THE Minister of Power, Works and Housing, Mr. Babatunde Fashola, has ad­vised owners of power as­sets, especially in the distri­bution arm of the electricity value chain, to embrace new commercial behaviour suit­able for operating optimally in the new commercial envi­ronment of the power sector.

Fashola made the remark in Abuja while receiving a delegation from the Nigeria Economic Summit Group (NESG) led by its Vice Chairman, Mrs. Sola David- Borha.

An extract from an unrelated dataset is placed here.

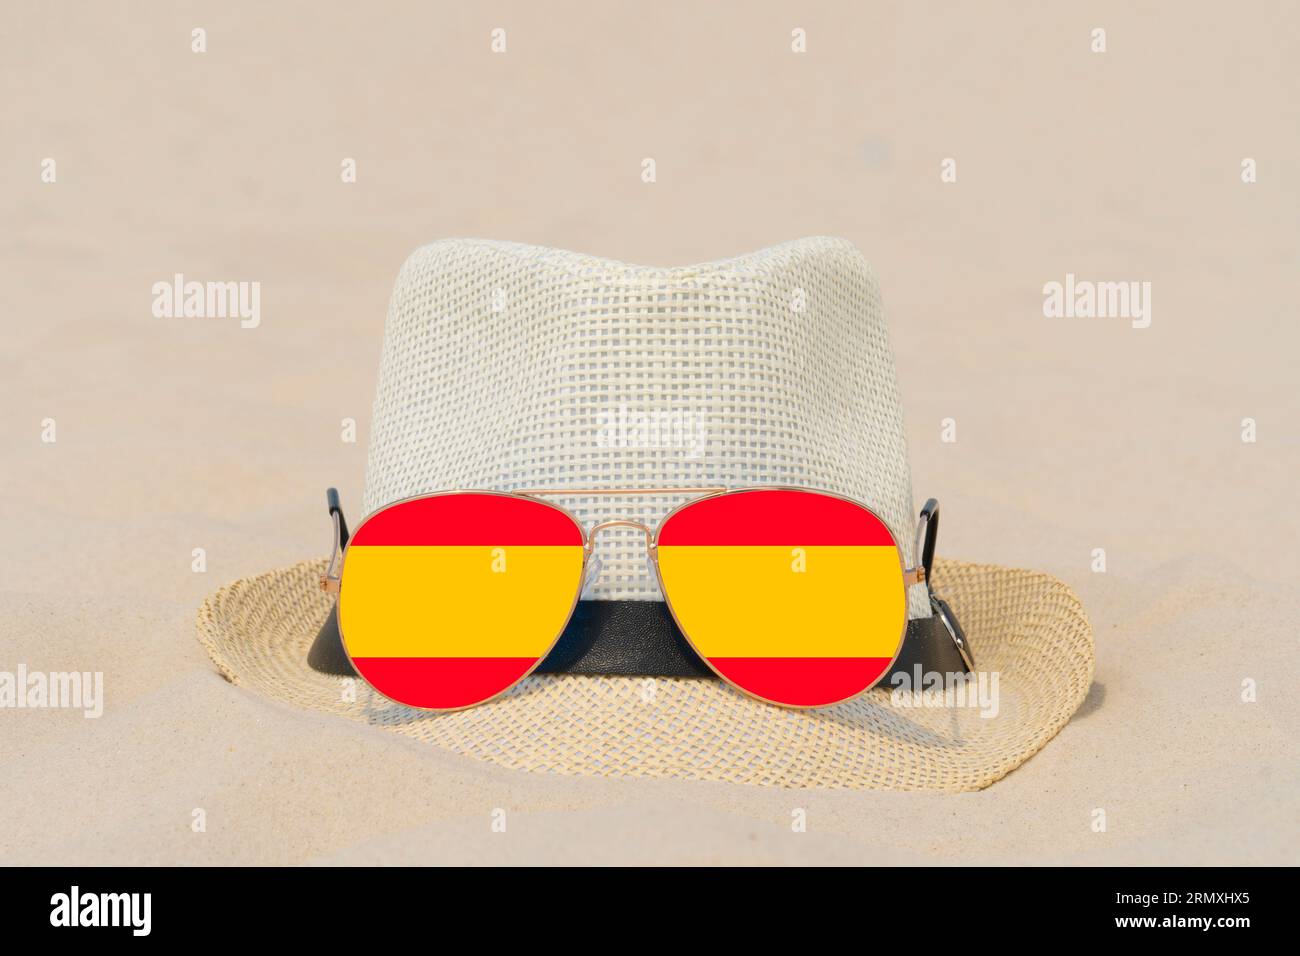 Sonnenbrille mit Brille in Form einer spanischen Flagge und einem Hut liegen auf Sand. Konzept der Sommerferien und Reisen in Spanien. Sommerruhe. Weihnachtszeit Stockfoto

He said power asset owners should be ready to bring in more funds by of­fering to dilute their stakes in exchange for sorely need­ed inputs like meters, trans­formers and other equip­ment required for systems upgrade, insisting that it would make more business sense to give up some shares in exchange for funds and capital.

The Minister hinted that if this advice is acceded to, it will make for redistribu­tion of their risk assets in exchange for equipment and capacity to drastically reduce the prevailing high occurrences of commercial and technical losses.

He further reminded the power asset owners that the success of the privatisa­tion exercise of the sector solely rests on the distribu­tion end in the value-chain hence, urging them to step up their collections to meet the time-lines agreed with government for all parties to respect agreements and take full responsibility for their actions.

The Minister commended the leadership of NESG for expressing the group’s will­ingness to partner with his Ministry in proffering solu­tions through constant en­gagements with the NESG/ Private Sector-led economic think-tank working on the three main sectors under his purview, which are criti­cal areas of growth and de­velopment in the nation’s economy.

He said that governments exist because of the private sector’s large segments of people, from the unem­ployed to the big corpora­tions, while enjoining distri­bution companies to brace up in overcoming some of the challenges currently faced by the sector.

Fashola also reminded Nigerians that the new tariff regime which is cost-reflec­tive is not to short-change customers but to improve on the level of liquidity available to the entire elec­tricity value chain.